We met with the most AWESOME girl yesterday--Dr. Domek's nutritionist/registered dietitian/diabetes educator--her name is Heather & the best part of the whole deal is that she, too, is type 1!!! The cool part about that is, SHE GETS IT! She not only explains things to us, she can give real time examples! Emily's numbers have been fabulous, thus the declaration that she is still "honeymooning"--her pancreas is still working (for now). The greatest thing about our appointment is that the ball is now rolling to get Emily on pump therapy--in fact, we should expect to be sporting our fabulous pink pump before school starts--wahoo! That means one shot every 3 days instead of 5 per day! Emily cannot wait~!

One of the most glaring blessings of yesterday was realizing that Emily has the opportunity to share her diabetes with others & help them as Heather is doing. It really gave her a focus on what her future could look like--this girl was PRECIOUS! And not only was she a BARBIE, she was funny, sympathetic & cool. She knew exactly how Emily felt about everything that I can't understand, told her the best way to eat, but encouraged her to eat well & still enjoy a piece of cookie cake for lunch every now & then! So different than I ever anticipated, but blessings EVERYWHERE! God is SO COOL!

Thanks for checking on us! We love you for loving Em!

julie

hi friends...enjoying a wet week in oklahoma! we will be praying for this in the summer!

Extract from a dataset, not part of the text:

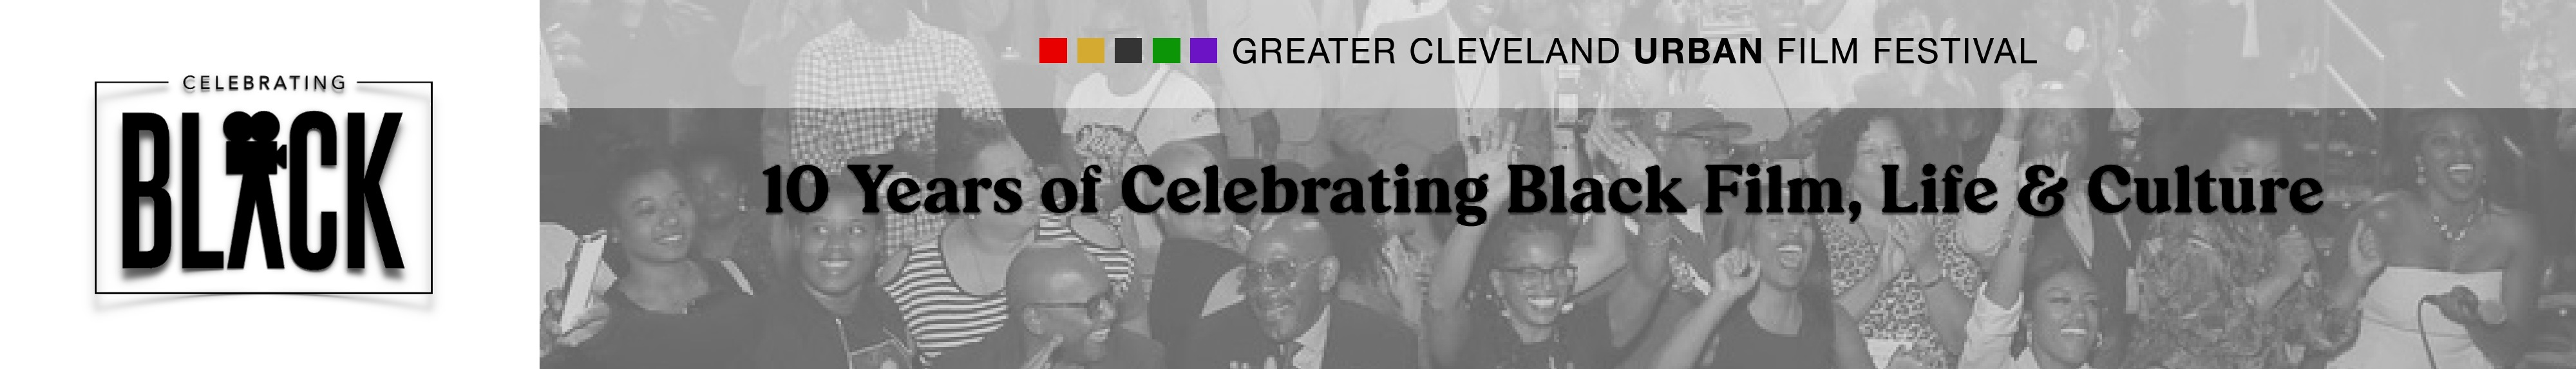 10th Annual Greater Cleveland Urban Film Festival

emily is visiting the middle school today--i cannot believe it! it seems like yesterday that we put pink bows in her hair with karo syrup! she had her "camo" bag with her insulin & needles to take with her. apparently once you hit middle school you have the option of the "ala carte" line at lunch. i was quietly praying that she would take her lunch as she does every day with the calculated carbs on a post it note, but she wanted to do the "big girl" thing. please pray that it isn't frustrating for her! i know it sounds silly, but it really is somewhat labor intensive to know what she is eating & what the carbs are--those are the times that she gets frustrated. when everyone else is eating & she is still calculating...

we have raised $1000 for our walk already! i am so excited! we don't have too many actual walkers yet, but we still have a month. it is so cool to see so many supporting em! her shirt will be super cute....of course. our little fashionista :-)

em has her last volleyball games this weekend. she is a great server! she is bummed that it is already over, but is planning to jump back in when it starts up in the fall with a few friends who play club volleyball. we are moving on to tennis lessons next....probably after school is out. so proud of her for keeping up the activities!

have a great weekend :-)
julie
p.s. emily's sweet friend & classmate, claire leffingwell is a cancer survivor. she had cancer in her leg when she was little. she fell down some stairs yesterday & broke that leg & is at children's in okc awaiting surgery. will you include her in your prayers today?

well, we have now had a few "lows"--and candy (much to emily's delight). it is amazing how quickly your blood sugar raises when you drink juice or eat smarties!

she also asked me why i think God chose her to have diabetes...one of the toughies. so i told her that i believe that God doesn't need a plan "b" (thank you, jodi muenker) & that He has a plan for everything...and that somehow, her life with diabetes will glorify God & she will be a huge influence on others around her. she seemed satisfied with that, but i still worry over the right way to phrase my thoughts...even though in the recesses of my mind, i wonder, too--a little. i would never CHOOSE for one of my children to have an autoimmune disease that they will deal with every single day of their lives, but i still know without a doubt that God is good & God is in control & that He will be glorified through all of this. i just pray that emily will be able to praise Him through the daily yuck of diabetes. maybe we could all pray this together :-)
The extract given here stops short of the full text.